Re: pseudo transparency
- From: Sasha Vasko <sasha aftercode net>
- To: Olivier Chapuis <olivier chapuis free fr>
- Cc: wm-spec-list gnome org
- Subject: Re: pseudo transparency
- Date: Fri, 11 Jan 2002 10:16:48 -0600
Olivier Chapuis wrote:
There is two methods that an application can use to achieve
One method, the E method, is to have a pixmap in memory and
to indicate the id of this pixmap with a root atom. The second
method is to use parental relativity.
Each method has some advantages I do not think that the wm-spec
should choose one of them. I think that it will be good that
the wm-spec support both.
One problem with parental relativity is that a priori the
application has to set the background of the frame window(s)
set by the window manager. It seems to me that this leads to
a bad hack. So I suggest to add a new window state:
_NET_WM_STATE_PARENTRELATIVE_BACKGROUND indicates that the window
use the ParentRelative pixmap for its background. The window manager
should set the frame window(s) background accordingly.
The problem is that some window managers may not be able to set frame's
background to ParentRelative. For example window manager may need to use
frame's window to actually draw some decorations on it, or draw
interwidget spacing with some specific color. Therefore in addition to
the property on client window - there needs to be a property set by
window manager that informs everybody that it could actually support it,
so that application can choose alternative method.
maybe the name is bad and also maybe it is better to have a
separated atom for this property. The advantage of using a state
is that an application can ask to set/unset this property.
About the E method. Here there is a de facto standard which
uses the ESETROOT_PMAP_ID and the _XROOTPMAP_ID atoms. Maybe,
this can be documented in the wm-spec?
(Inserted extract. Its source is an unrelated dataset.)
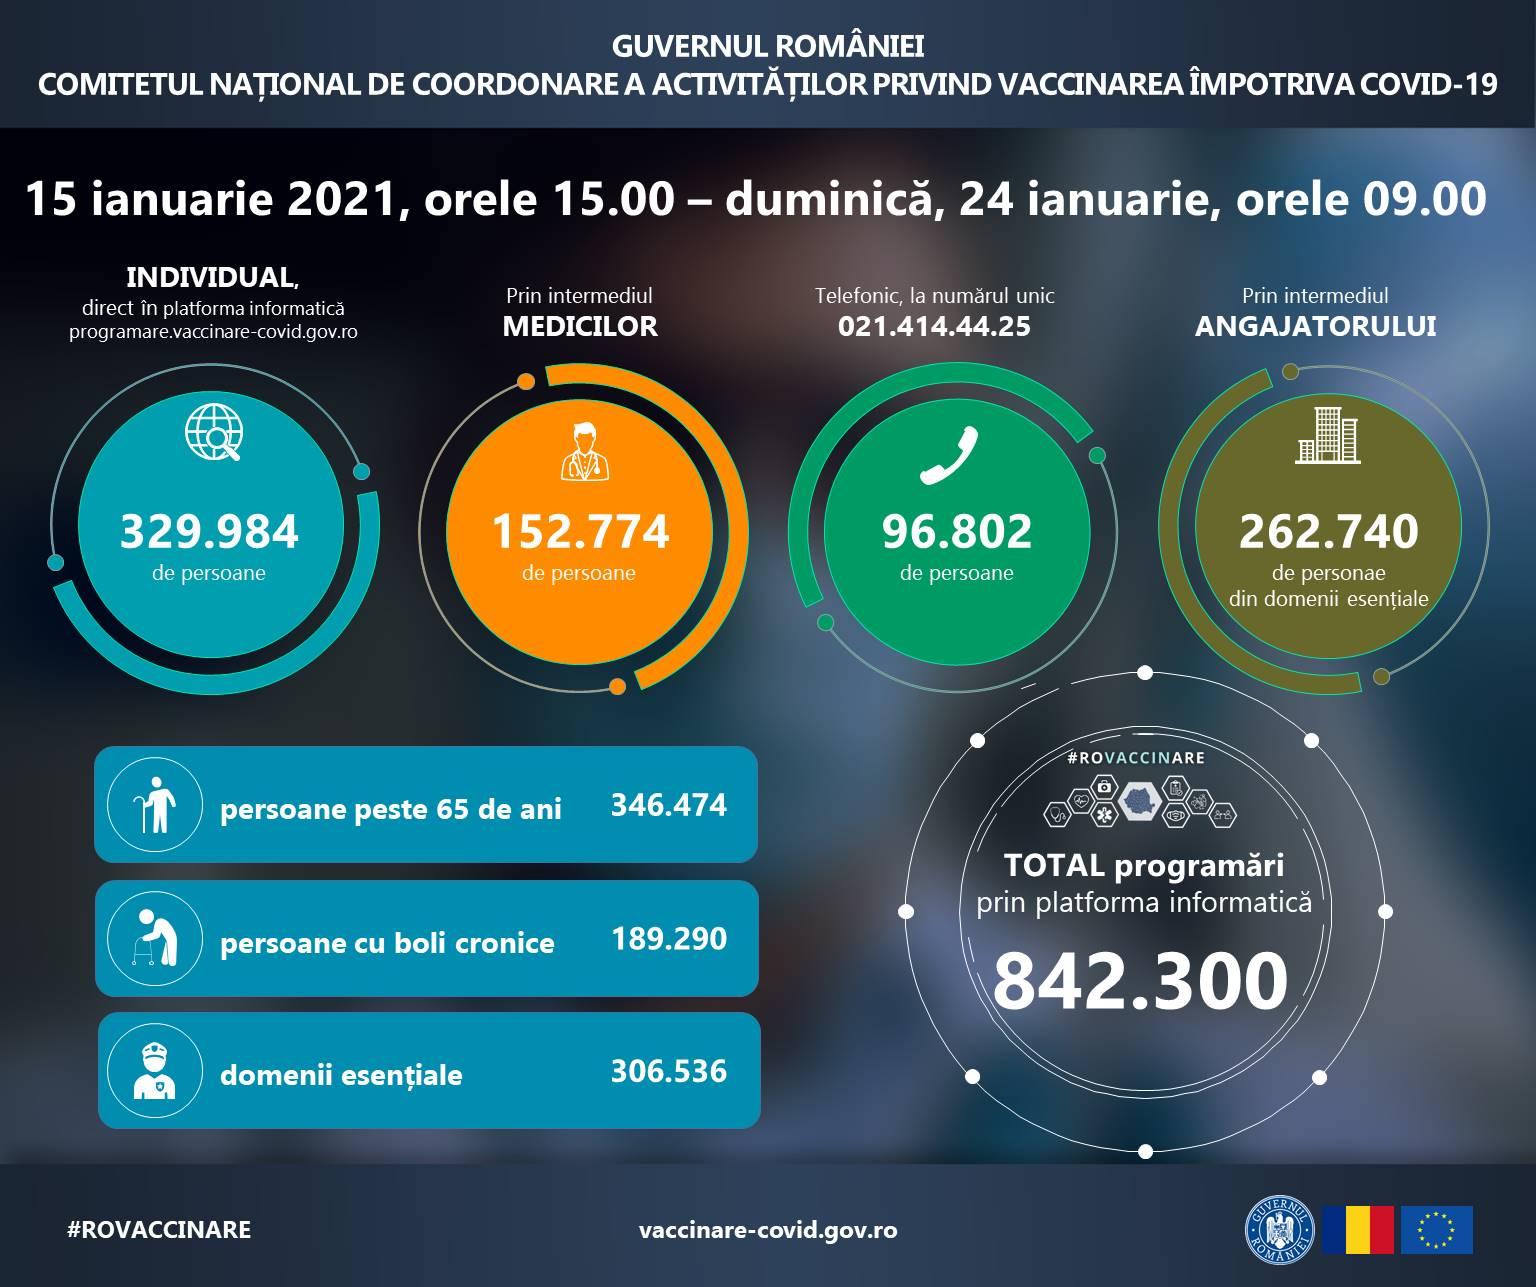 842 300 de persoane s-au programat până duminică, 24 ianuarie, pentru vaccinarea antiCOVID

If I well understand
this method, applications should use the _XROOTPMAP_ID and
setroot programs should destroy the pixmap if
ESETROOT_PMAP_ID == _XROOTPMAP_ID
before setting the background with its own pixmap (and
then set _XROOTPMAP_ID and also ESETROOT_PMAP_ID if its
own pixmap can be destroyed). That's it?
Now one problem with the E method is that it may need
a lot of memory (this depends on the memory you have and
the size of your screen(s)). So, some environment/users
As you said this method requires that background image is always kept in
X Server's memory as a Pixmap, and when full screen background is used
it leads to several megs of wasted memory. It also does not cover the
case when root background is kept in Window Manager's own memory, which
makes alot of sense since WM would need it to be able to draw
The more flexible approach would be to use X Selections. WM-client
protocol in this case would be something like :
1) Window Manager, or whatever client is used to manage root backgrounds
takes ownership of selection, say _NET_ROOT_BACKGROUND_S# ( one for each
2) Client sets property on its own window with X,Y,Width,Height of the
screen area it is interested in and optionaly destination Pixmap ID, and
tint color in 32bit ARGB format (CARDINAL)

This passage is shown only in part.